Besides, it’s also the time to support scanning for the file source. ☺️

### 2. Alter the Connector of a Table

The new syntax allows users to change the connector of a table.

```sql
ALTER TABLE table_name WITH (
connector = 'kafka',
....
) format ... encode ... ( ... )

ALTER TABLE table_name WITH (
connector = 'none'
)
```

Under the hood, the implementation relies on

- The new extensible table write path
- Designed in https://github.com/risingwavelabs/rfcs/pull/52
- Implemented in https://github.com/risingwavelabs/risingwave/pull/12240
- Replacing an actor via Mutation barrier
- Implemented in https://github.com/risingwavelabs/risingwave/pull/8063

As far as I am concerned, this feature can be done in acceptable complexity.

### 3. Enhance `INSERT INTO SELECT` to be distributed

The current implementation of `INSERT INTO SELECT` is simply combining `INSERT` and a batch query, which is single-threaded.
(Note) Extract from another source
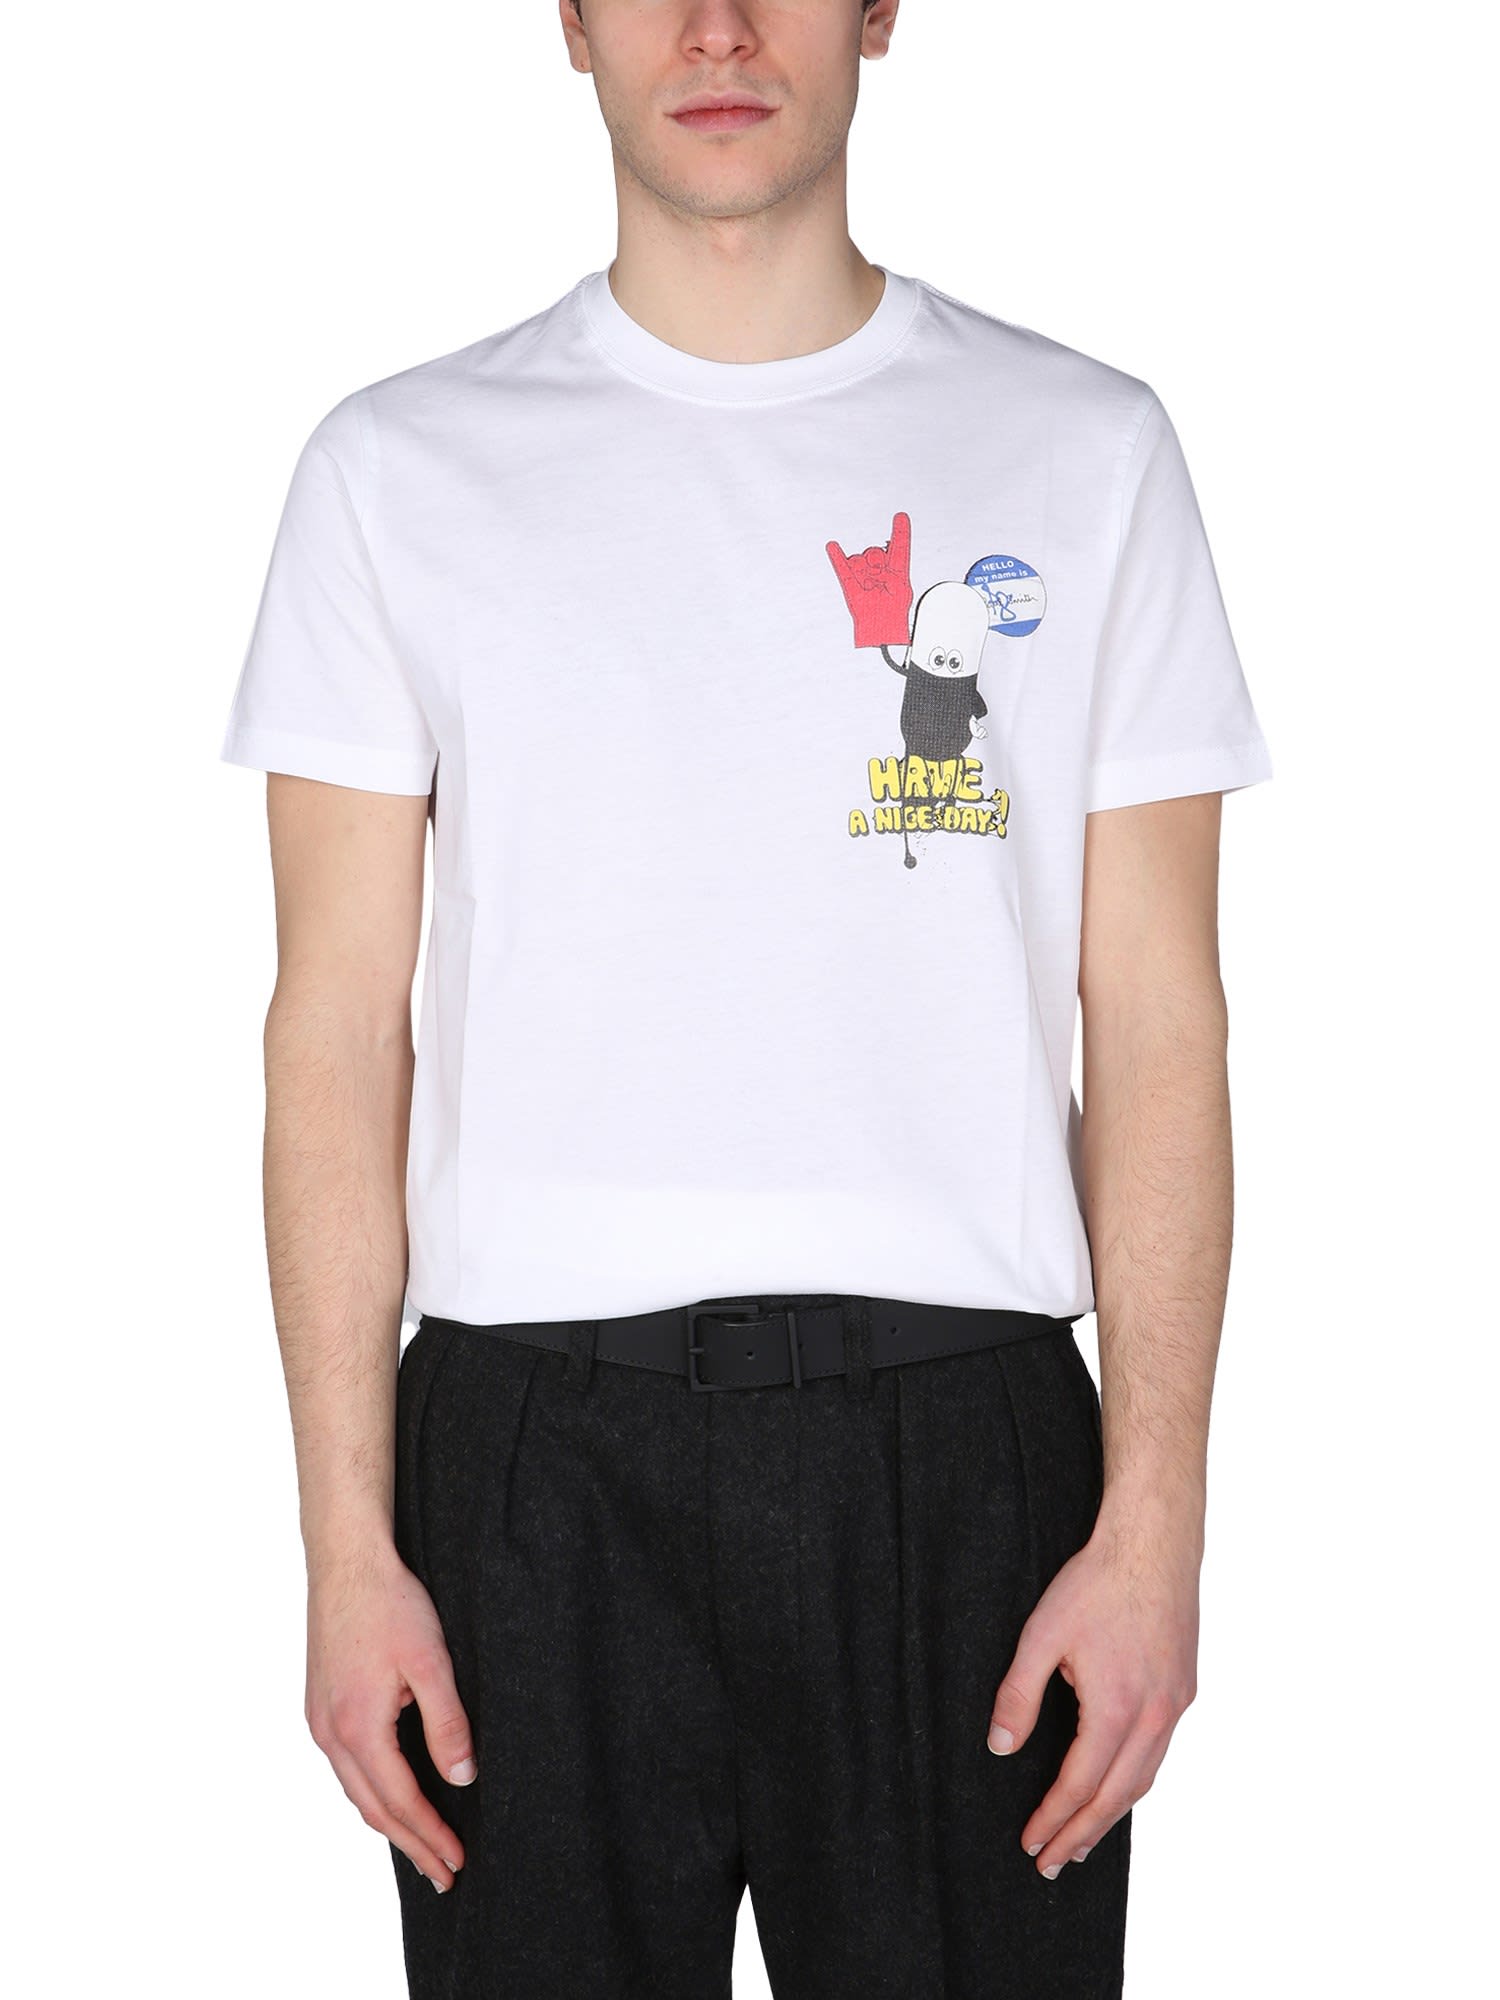 PS by Paul Smith Nice Day T-shirt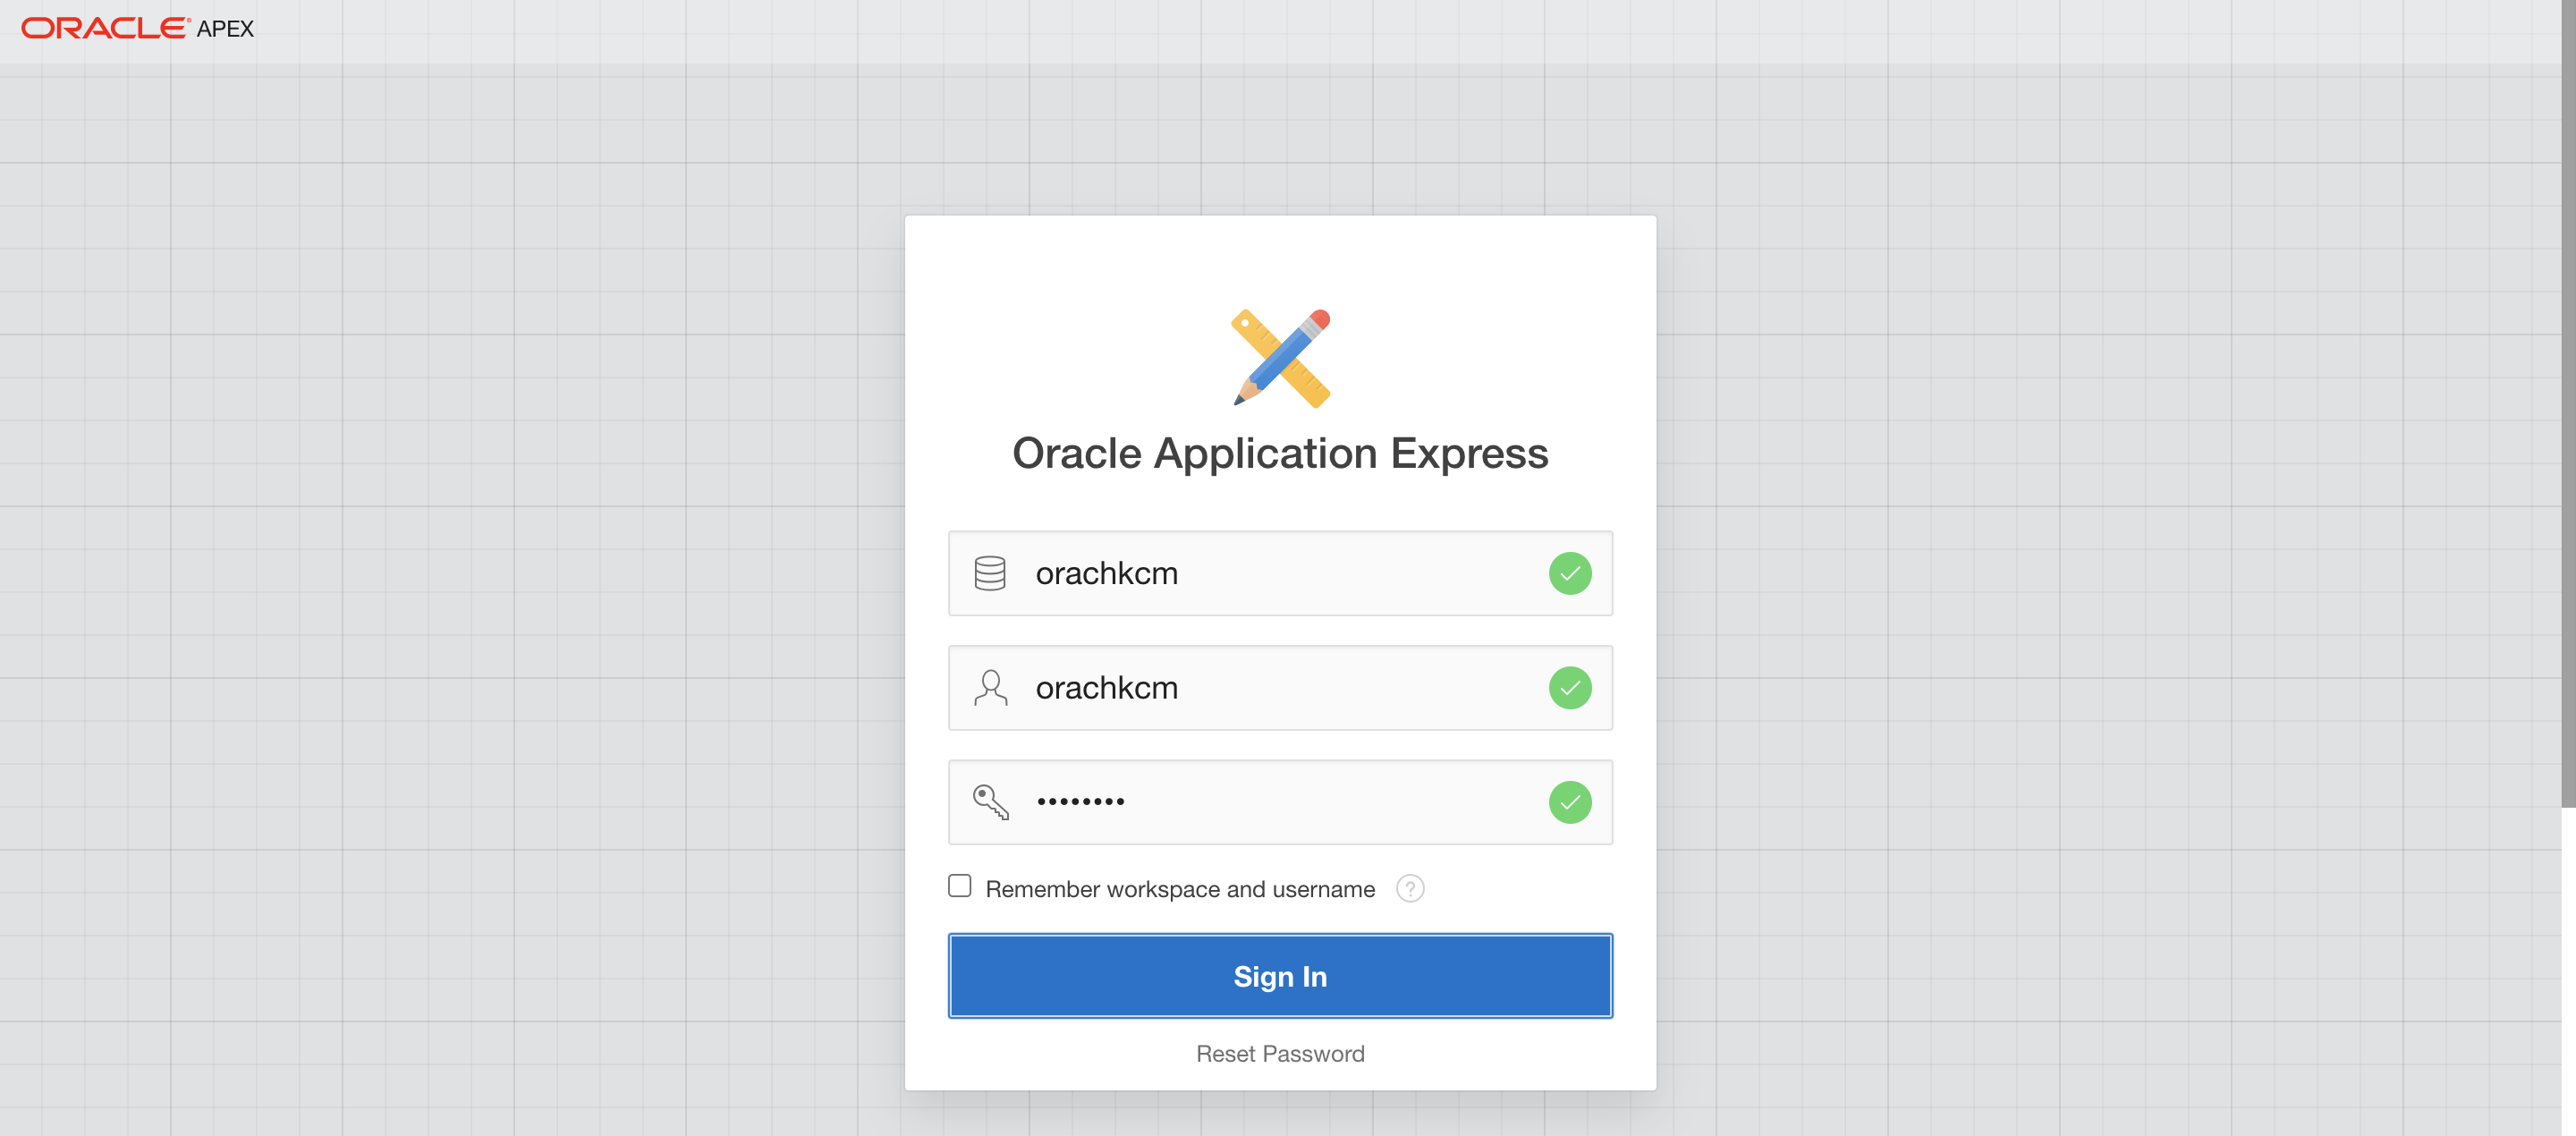 The image illustrates Oracle Application Express login.

To make our workflow usable, we need a distributed implementation.

> 💭 **How about `CREATE TABLE AS`?**
>
> Perhaps we shall also enhance the `CREATE TABLE AS` command to be distributed as well, because here we expect users to create a new table and insert data immediately into it. People familiar with SQL might use `CREATE TABLE AS` instead of `INSERT INTO SELECT`.
>
> However, this will be conflicted with the proposal of `CREATE TABLE > AS` syntax in [RFC: Create Sink into Table](https://github.com/risingwavelabs/rfcs/blob/e227e4379c46302bb72ef4f1fa6736469055424b/rfcs/0052-create-sink-into-table.md#create-table-as).

## Alternatives

### [Hybrid Source](https://nightlies.apache.org/flink/flink-docs-master/docs/connectors/datastream/hybridsource/) from Flink

The design requires the first source to be *bounded*, because it will begin to output events for source 2 after source 1 has been exhausted. Unfortunately, we don’t have such concept of “bounded/unbounded stream”.

Secondly, the hybrid source is not as flexible as this design. Ported to RisingWave, it will be like: a hybrid source can combine multiple connectors in one table/source. This makes everything in “one shot”, but users won’t know whether it’s correct until the first source is exhausted.

## Discussions

**Shall we name it a Batch Source to differentiate from existing source?**

I feel that it’s like an attribute of source e.g.

```
Source can_batch_read? can_stream?
Kafka yes yes
Iceberg yes no
SQS no yes
```

**What about external lookup join? 🤔 Asking because of the question Source vs Ext Table. It sounds like it can have such ability.**

No, because Iceberg doesn’t have pk and can’t select row efficiently. Maybe we can support external lookup table in the future, but out of scope of this.

**Abort `INSERT INTO SELECT`, simply distributed is not enough. We need to think about failover. Also we need a lot of optimizations to make it practical, especially when MOR is required.**

- (Eric) Regarding of failover, I believe it’s nice-to-have, but I don’t have any good ideas.
- This is not a good user experience, I think we need to rethink about it
- Any ideas to improve?


- To ingest a large amount of historical data by inserting dml would take a long time. It is a large transaction, but currently, our atomicity is only provided for small transactions.
- We don't have a recovery mechanism to restart DML from the last failure point. It seems users need to delete partial data from the table and then insert data from the beginning instead.